In extension to the experimental setup used by Iyengar and Lepper, I numbered all coupons consecutively. Because the numbering was hidden within a pseudo barcode printed on each coupon, it could hardly be noticed by the consumers. Based on the numbering, the assistants at the table discreetly recorded the jam flavor(s) that each consumer tasted. The cashiers at the store’s exit noted the flavor of each purchased jam on the back of the coupon that was used for this purchase. While the vast majority of participants did not take notice of these recordings, the few that did were told what type of data was recorded and that it would be used for the purpose of market research.




In total, 504 customers (297 female, 207 male) were included in the study: 193 on the first Saturday and 311 on the second Saturday. Across both Saturdays, 239 participants saw the large assortment, 128 saw the small assortment ss1 and 137 saw the ss2 assortment. Across all conditions, 33% of all participants redeemed their coupon and 60 participants (12%) did not taste any jam. Those who did tasted 1.7 jams on average and 74% of all participants tasted between one and two jams.

There were almost no differences between the two small assortments ss1 and ss2 in terms of gender of tasters, number of jams tasted, and percentage of redeemed coupons. Therefore, the data of the two sets was collapsed for subsequent analyses into one “small assortment.”

Effect of coupon value

There was a main effect of coupon value: 46% of all participants redeemed a coupon that was worth 1.0 euro while this percentage dropped to 24% when the coupon value was 0.50, t(504)=5.07; p<.001. However, as the coupon value is confounded with the day of the study (first vs. second Saturday), the effect can also be due to the higher number of participants on the second Saturday.
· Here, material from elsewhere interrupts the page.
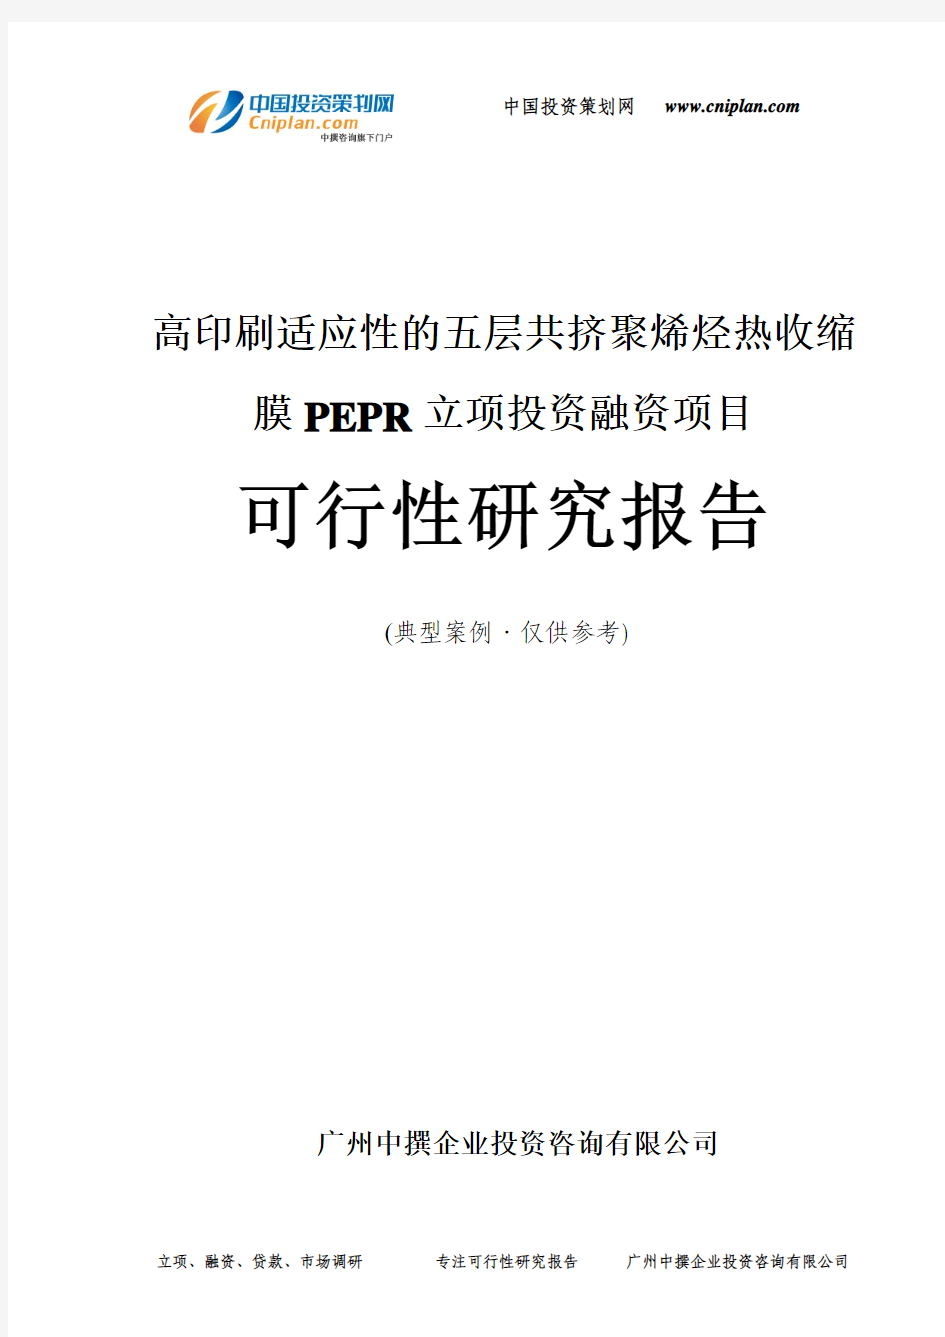 高印刷适应性的五层共挤聚烯烃热收缩膜PEPR融资投资立项项目可行性研究报告(中撰咨询)

On the second Saturday, participants tasted less jam (an average of 1.3 jams compared to 1.9 during the first Saturday), t(502)=6.75; p<.001, which could be due to the lower coupon value but also to the higher number of people at the tasting table, which might have prompted people to give others a chance to taste. Nonetheless, no effect of assortment size was seen in the second session either (Figure 3).

Effect of assortment size


Across both Saturdays, participants who saw the large assortment tasted slightly more jams than participants who saw the small assortment (1.6 vs. 1.4 jams), t(502)=2.37; p=.018. However, there was no effect of assortment size on the number of redeemed coupons (32% in the large condition vs. 33% in the small condition), t(504)=0.19; p=.853; Cohen’s d=0.03. There was no interaction effect between the number of redeemed coupons and coupon value or taster’s gender. Independent of assortment size there was a small positive relationship between the number of jams tasted and the probability of redeeming a coupon (r=.26).

Figure 3: Effect of assortment size and coupon value on the percentage of redeemed coupons compared to the findings of Iyengar and Lepper (2000)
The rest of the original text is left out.